Artikel 1.Dit decreet regelt een gemeenschapsaangelegenheid.

Art. 2.In dit decreet wordt verstaan onder : 1° jeugd : kinderen en jongeren van 3 tot 25 jaar;2° jeugdwerk : groepsgerichte sociaal-culturele initiatieven met jeugd in de vrije tijd, onder educatieve begeleiding en georganiseerd door hetzij particuliere jeugdverenigingen, hetzij lokale openbare besturen;3° jeugdvereniging : een privaatrechtelijke of feitelijke organisatie die zoals blijkt uit haar doelstellingen en handelingen aan jeugdwerk doet;4° een jeugdherberg, een jeugdverblijfcentrum een aan de doelgroep aangepaste en veilige verblijfsaccommodatie met overnachtingsmogelijkheid, bestaande uit een of meer gebouwen die een eenheid vormen en die hoofdzakelijk ter beschikking gesteld wordt van de jeugd voor het ontplooien van vormende en ontspannende activiteiten, hetzij individueel, hetzij in verenigingsverband;5° administratie : de administratieve entiteiten de Vlaamse administratie die verantwoordelijk is voor de uitvoering van het jeugdwerkbeleid.

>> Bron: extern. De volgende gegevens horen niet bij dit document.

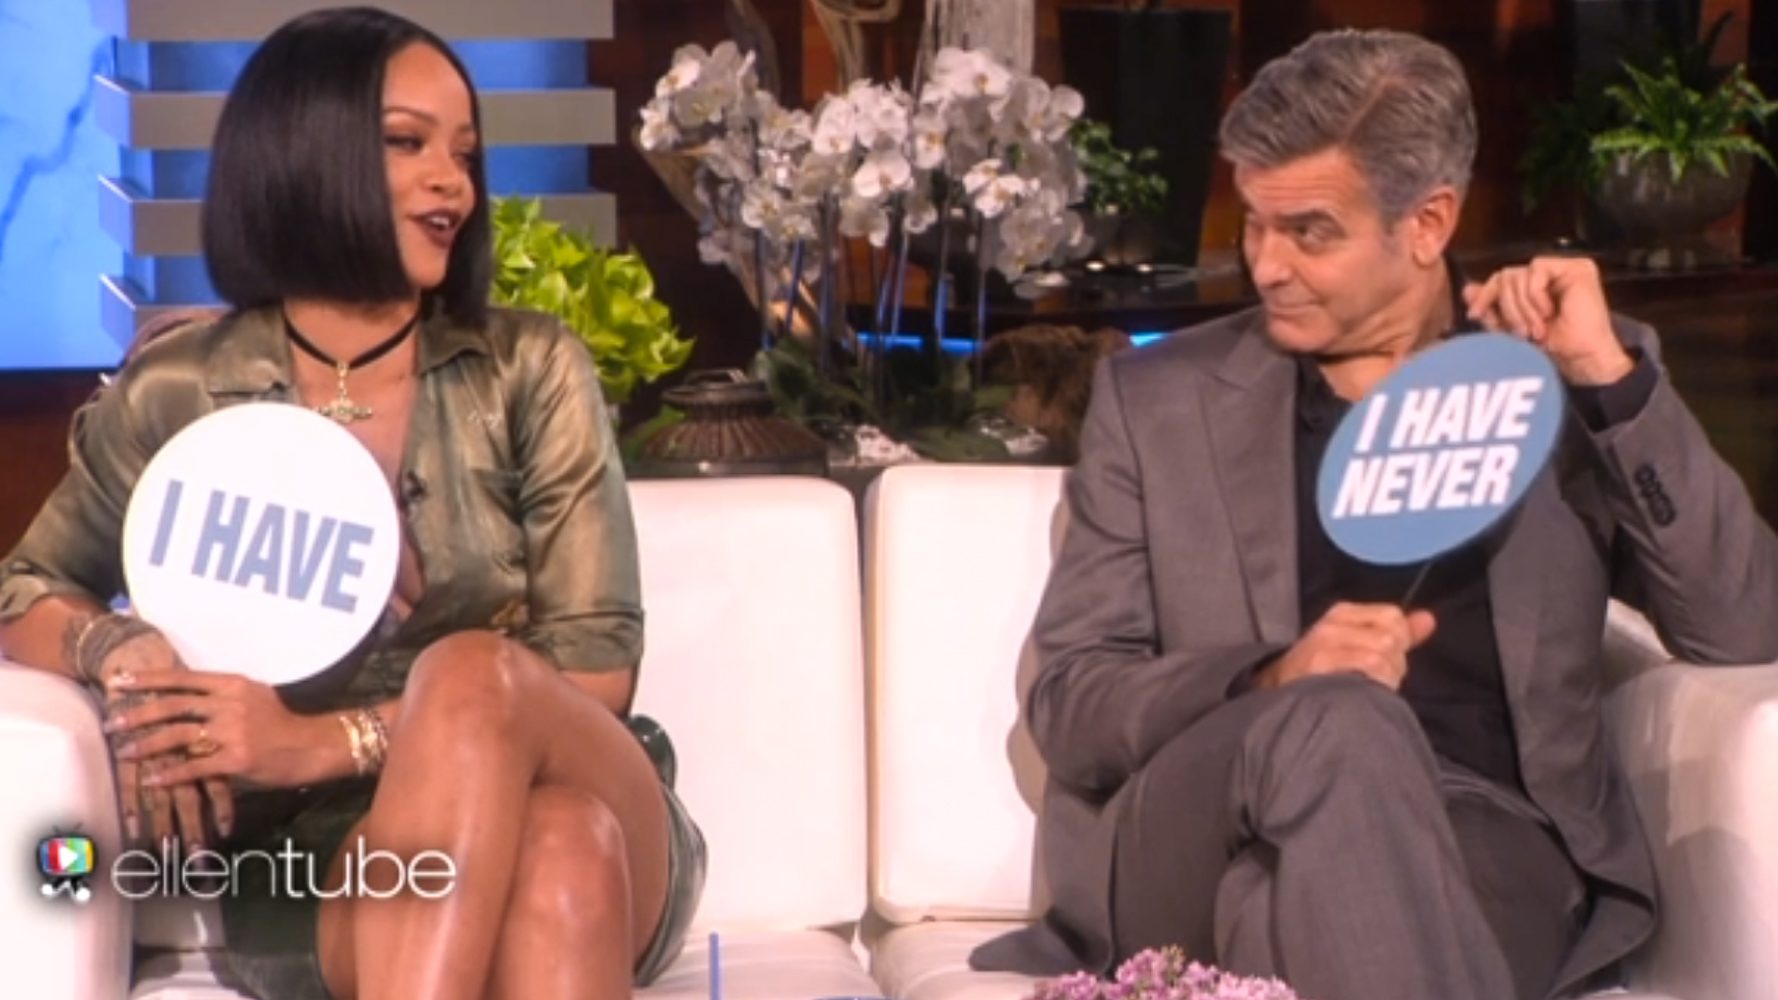 WATCH: Rihanna, George Clooney play ‘Never have I ever’ on ‘Ellen’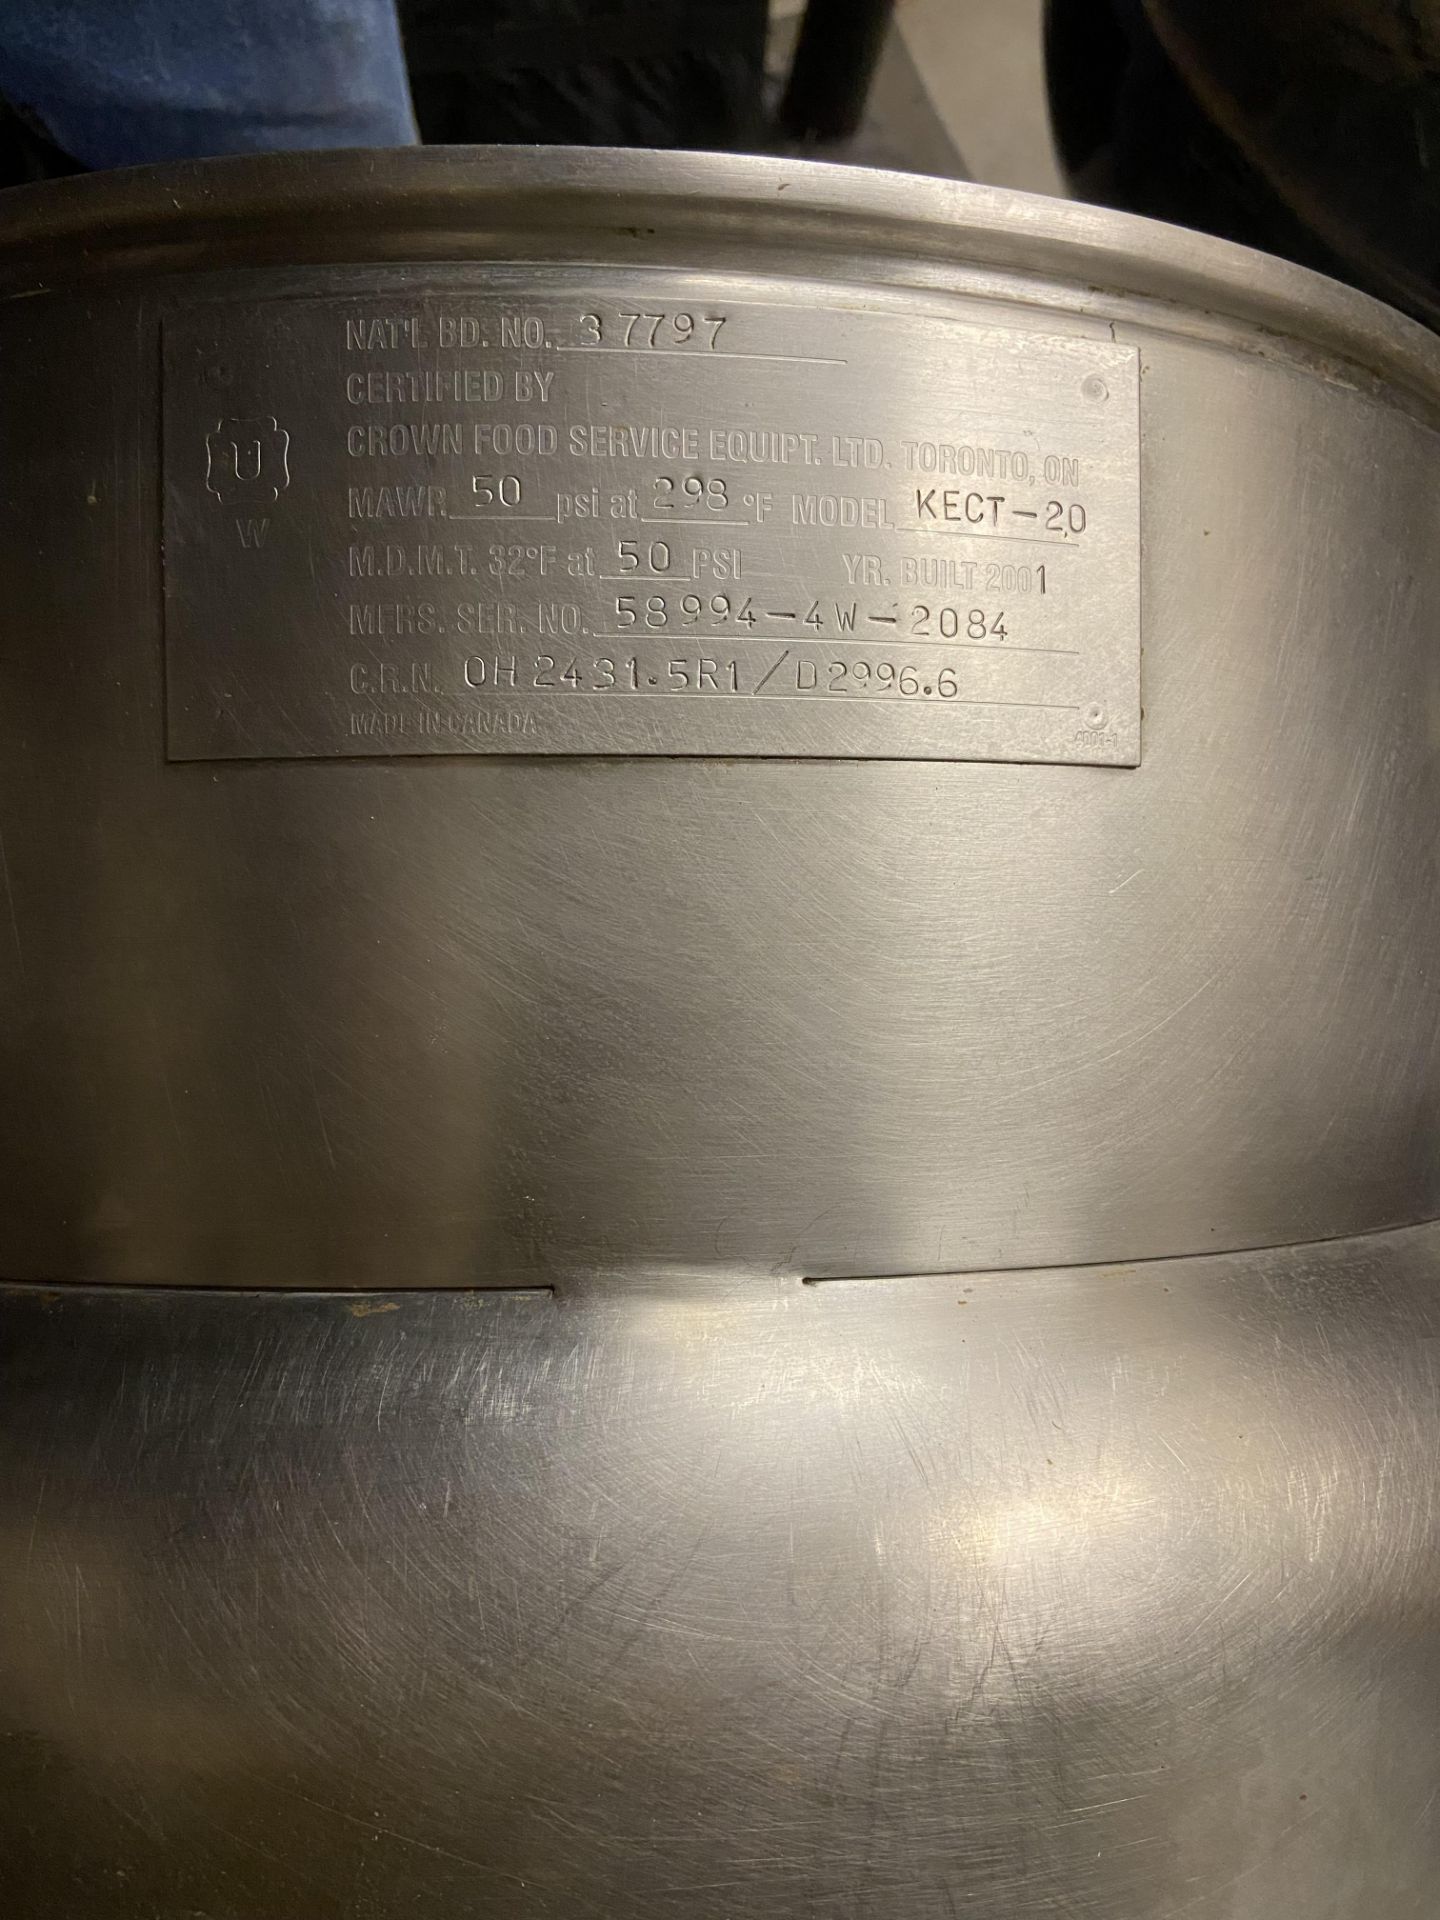 Groen Steam Kettle (Approx. 5 Gallon) - Subj to Bulk | Rig Fee $50 - Image 3 of 5

Art. 3.Dit decreet heeft als algemene doelstelling het stimuleren van een aangepaste en gevarieerde verblijfcapaciteit voor meerdaagse verblijven ten behoeve van de jeugd in het algemeen en het jeugdwerk in het bijzonder. Het bepaalt de voorwaarden waaraan verenigingen of personen die inspanningen leveren om deze doelstelling te realiseren, moeten voldoen om ondersteuning te verwerven voor hun algemene werking. HOOFDSTUK II. - Algemene voorwaarden

Art. 4.§ 1. Om erkend te worden en te blijven moeten de beheerders van jeugdherbergen, jeugdverblijfcentra, de ondersteuningsstructuren en de vereniging zonder winstoogmerk Algemene Dienst voor Jeugdtoerisme, verder ADJ te noemen : 1° in de werking de principes en de regels van de democratie aanvaarden en tevens het Europees Verdrag inzake de Rechten van de Mens en het Internationaal Verdrag betreffende de Rechten van het Kind onderschrijven en naleven;2° hun secretariaat en uitbating hebben in het Nederlandse taalgebied of in het tweetalige gebied Brussel-Hoofdstad;3° ervoor zorgen dat alle gegevens die verband houden met de erkenningsvoorwaarden op het secretariaat voorhanden zijn en die ter beschikking stellen voor onderzoek door de administratie in het Nederlands;4° op zelfstandige wijze de financiën beheren en het eigen beleid bepalen, wat inzonderheid moet blijken uit het feit dat ze : a) hun werking zelf bepalen en uitvoeren;b) over een eigen post- of bankrekening beschikken;c) diensten verlenen in eigen naam;5° de burgerrechtelijke aansprakelijkheid van de uitbaters, de eventuele vereniging met haar leden, medewerkers en deelnemers aan de door haar georganiseerde activiteiten, zoals bedoeld in artikelen 1382 tot en met 1386 van het Burgerlijk Wetboek, door een verzekering laten dekken;6° indien ze personeel in dienst hebben, de rechtspersoonlijkheid aannemen van een vereniging zonder winstoogmerk en de toepasselijke collectieve arbeidsovereenkomsten naleven, gesloten tussen de erkende vakbonden en werkgeversfederaties en geregistreerd op de federale overheidsdienst Werkgelegenheid, Arbeid en Sociaal Overleg;7° de eigen centra receptief uitbaten. § 2. Vanaf het ogenblik dat ze een belofte van subsidiëring ontvangen, moeten de beheerders van jeugdherbergen, jeugdverblijfcentra, de ondersteuningsstructuren en ADJ : 1° meewerken aan onderzoeken die door of namens de Vlaamse overheid worden ingesteld;2° op alle tijdschriften en folders de woorden "erkend door de Vlaamse Gemeenschap" vermelden;3° een boekhouding voeren en die zo organiseren dat de aanwending van de subsidies op elk ogenblik financieel kan worden gecontroleerd;4° toestaan dat de administratie en het Rekenhof de werking en de boekhouding zo nodig ter plaatse onderzoeken. HOOFDSTUK III. - Algemene Dienst voor Jeugdtoerisme

Art. 5.Om een zo groot mogelijk aanbod van capaciteit en diversiteit mogelijk te maken voor jeugdtoeristische activiteiten activiteiten en vormingsactiviteiten, erkent en subsidieert de Vlaamse regering ADJ, die tot doel heeft de volgende centra te beheren op basis van een overeenkomst, die de voorwaarden voor de terbeschikkingstelling regelt : 1° de Hoge Rielen in Kasterlee (Lichtaart);2° het jeugdvormingscentrum Destelheide in Beersel (Dworp);3° de uitleendienst voor kampeermateriaal.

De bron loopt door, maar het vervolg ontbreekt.